Any student across the world will tell you there is just one item in the whole world they need, and most importantly want. What is it? Money. Unless of course Mummy and Daddy are sending the butler round with weekly cheques from the mansion (trust me it happens), there comes a time in every student’s life where he or she finds themselves out of cash and feels as though they would do anything just to have Queen Elizabeth II beam up at them from those crisp notes once more.
It is no surprise then, that when a new season comes along, the fashion conscious amongst us find ourselves in a turmoil of emotions; torn between the excitement of getting a completely new summer wardrobe (even though last year’s is perfectly acceptable) and the ever-present loom of the dreaded minus figures in the bank. It was thus in between considering whether to sell my own body for money or someone else’s, that I decided I could save some beloved cash by just cutting up my old wardrobe.
How To Do It
I have been known to be a bit of a hoarder with my clothes, so luckily I have a few pairs of old jeans lying in the dark, dusty corners of the wardrobe, and today I decided to finally make use of them by turning them into shorts. At first I was a bit wary of cutting up my jeans, especially after hearing horror stories of friends ending up with one leg way longer than the other, or just a piece of frayed denim hanging off their waist Adam and Eve style, but desperate times call for desperate measures and I decided if done properly, I could be saving myself from having to buy expensive shorts this summer. And I am so glad I did. So here are my tips on how to DIY and turn your old wardrobe into a new, fresh one:
- Choosing the jeans is important. Try and find an old pair with your desired look, and try and imagine them as shorts. If you think it will work, decide on the length you think will suit them most. I have chosen an old pair of stone-wash denim jeans and I’ve decided to go for an above-the-knee crop.
- Always cut a few inches longer than your desired length. If you are going for my style you will need the extra fabric to create the roll-up, but even if you are going for a loose, frayed effect, it is always better to start off longer because once those jeans are cut, there’s no way of adding extra length to them.
- It is best to decide on length when the jeans are on. Put them on and mark with a Biro where you want to start the cut (remember a few inches longer than the desired length). Take them off and with a sharp pair of scissors, cut as straight as possible starting from where you have marked them. Don’t worry if they look messy at first, this will be cleaned up later.

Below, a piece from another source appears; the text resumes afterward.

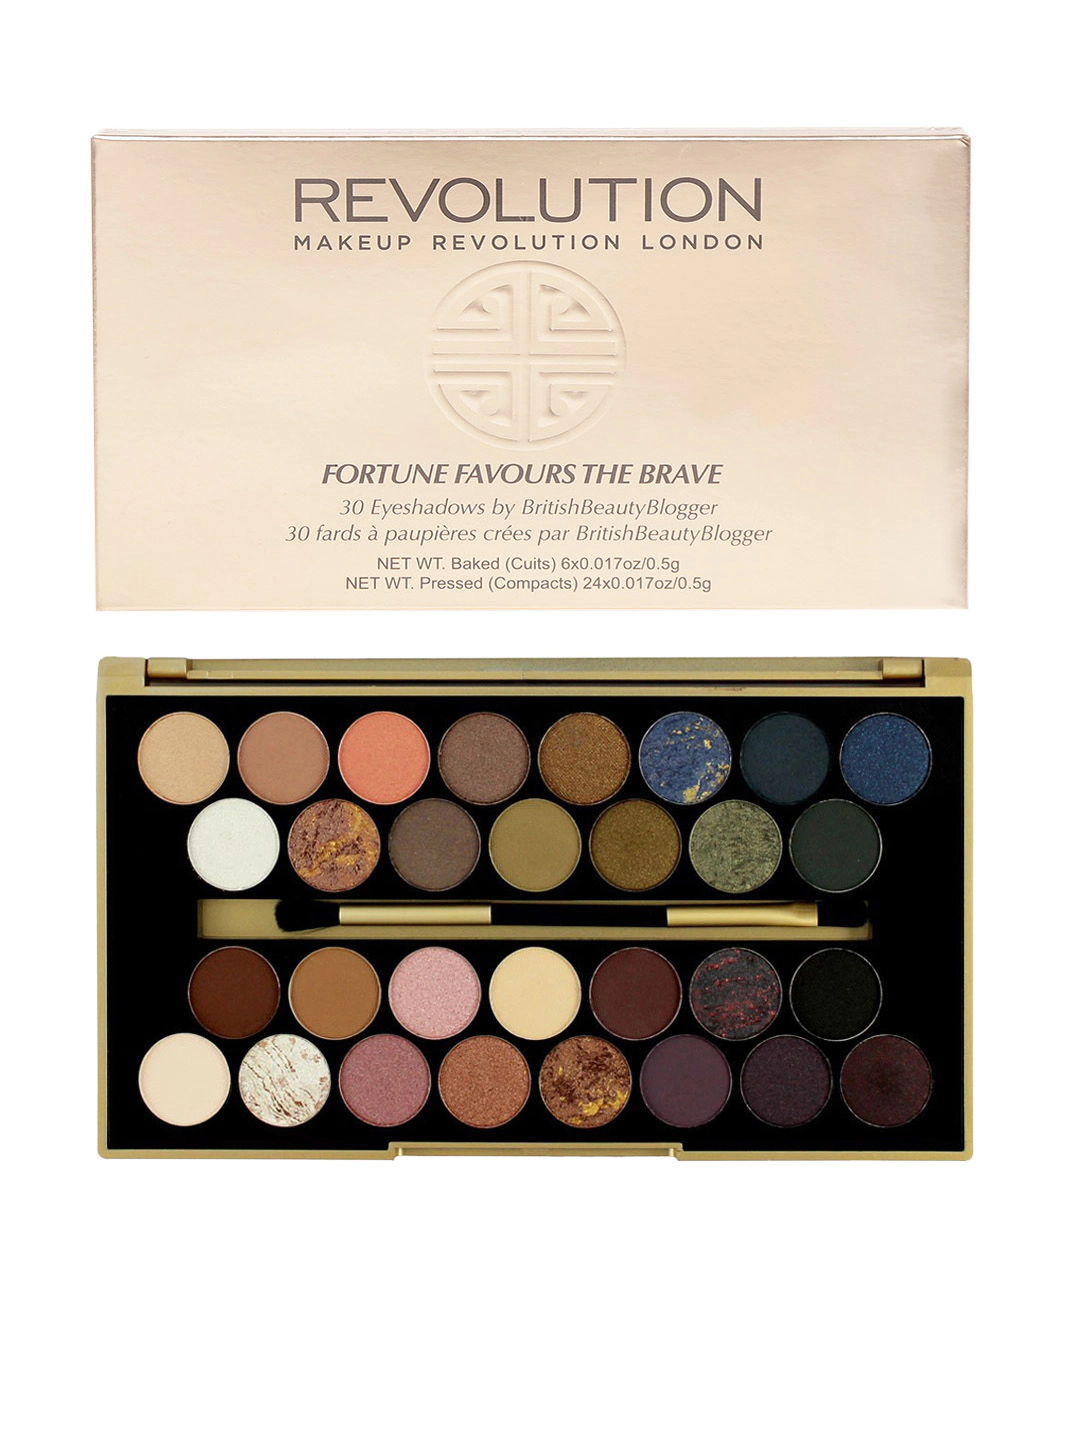 11521114250392-Makeup-Revolution-London-Eye-Shadow-Palette-2381521114250314-1

- You now have several options depending on how you want the shorts to look once you are finished. For a simple roll-up as I have done, just roll twice to hide the messy lines. If they are too long and end up halfway down your knee, simply cut a little more fabric off. If you want a frayed, loose effect, then I find it is easier to cut with blunter scissors. Once cut, use the edge of the scissors or a sharp knife to fray the denim. Alternatively, if you know how, or know someone else that does, you can hem the shorts for a smarter look.
- It’s now time to personalise. I have left my shorts pretty plain at this point, but there are several things you can do to add different looks. For a rough, worn effect (goes well with the frayed ends), use sand paper or a cheese grater to go up and down against the fabric and wear it down. For further personalisation, change the buttons or add more stitching to really make the jeans stand out. And voila! You have a new addition to your wardrobe.
My Denim Cut-Offs
Being the enthusiast that I am, and feeling like I was onto my own little project, I didn’t stop there. Using the leftover fabric from what I had cut away, I decided to experiment and try and create my own accessories. I had seen a bracelet in Oxford Street Topman the other week that was merely a piece of frayed denim cut for the nautical/beach look. So feeling inspired, I used the fabric I had left and cut about a centimetres width of fabric off of the bottom, ensuring it was fraying with my blunt scissors. Then I simply tied it round my wrist, using the knot as a focus point, and cut down the excess ends. Here is what I ended up with [below right], I feel it ‘ties’ up the outfit nicely! (Oh yes I said it).
So here are some images of how mine turned out:
And why stop there? You could create a neck-tie or ankle bracelet the same way, the possibilities are endless! Just don’t end up looking like the denim monster threw up all over you.
As always, here are a few images of how the guys on LookBook.nu are rocking their very own cut-offs:
I hope this post was helpful and has inspired you to grab the scissors and get going on those old jeans. Happy cutting!